前头有妖,后头还有喻为辙,当真是进退两难。
但她很快神色如常,坚定道:“不行。”
喻为央本念及自己满手妖血,小环普通少女,妖的注意力会在自己身上,想叫她趁机回去。
不想她又利落拒绝。
喻为央蹙眉,“回去。

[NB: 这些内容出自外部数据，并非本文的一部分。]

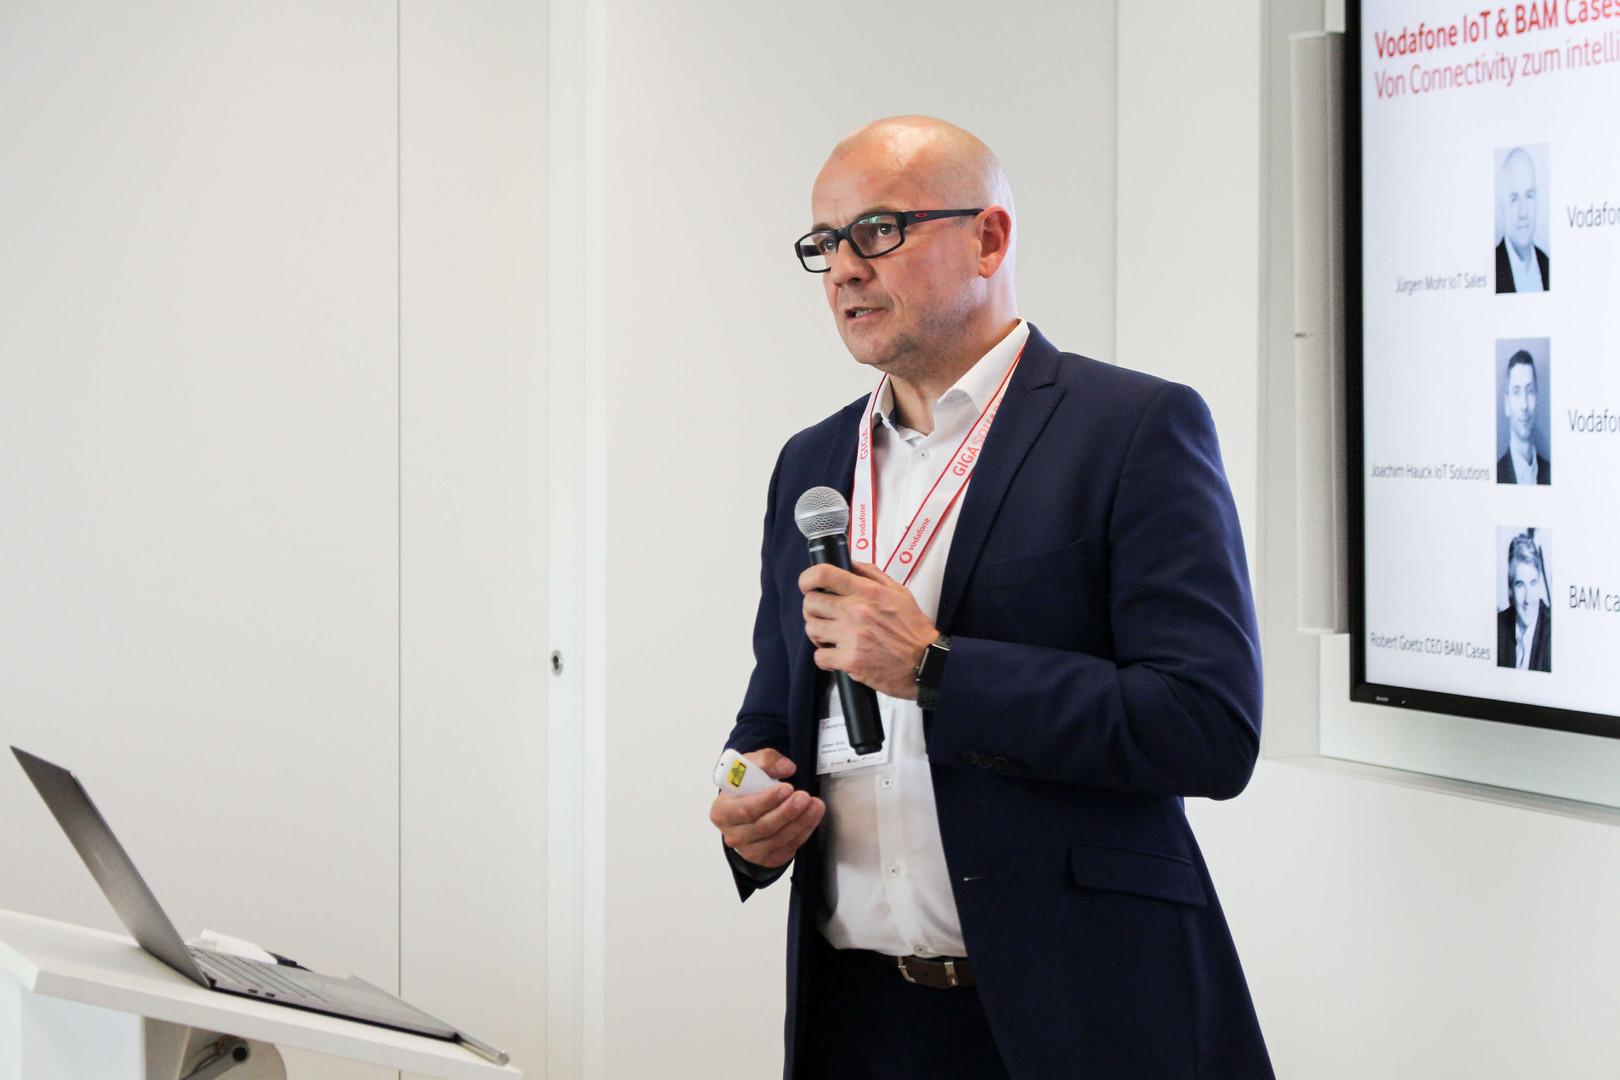 JÜRGEN MOHR   IoT Sales Manager, Vodafone Group

”
小环杏眼瞪大,眉头也蹙成一个八字,“不行,我也只有你了。”
声音低的像一声叹息,随着风飘进喻为央耳中。
喻为央凝望小环,失了些血色的唇抿成一条线。
她唇本就不丰腴,这样尽显凉薄。
“小小侍女,谁稀罕你,快滚。”她眼神一并锐利起来,想推开小环。
这话耳朵要听起茧子,小环心头暗道“又是这句”,委屈得鼻子也皱起来,但就是抓着喻为央。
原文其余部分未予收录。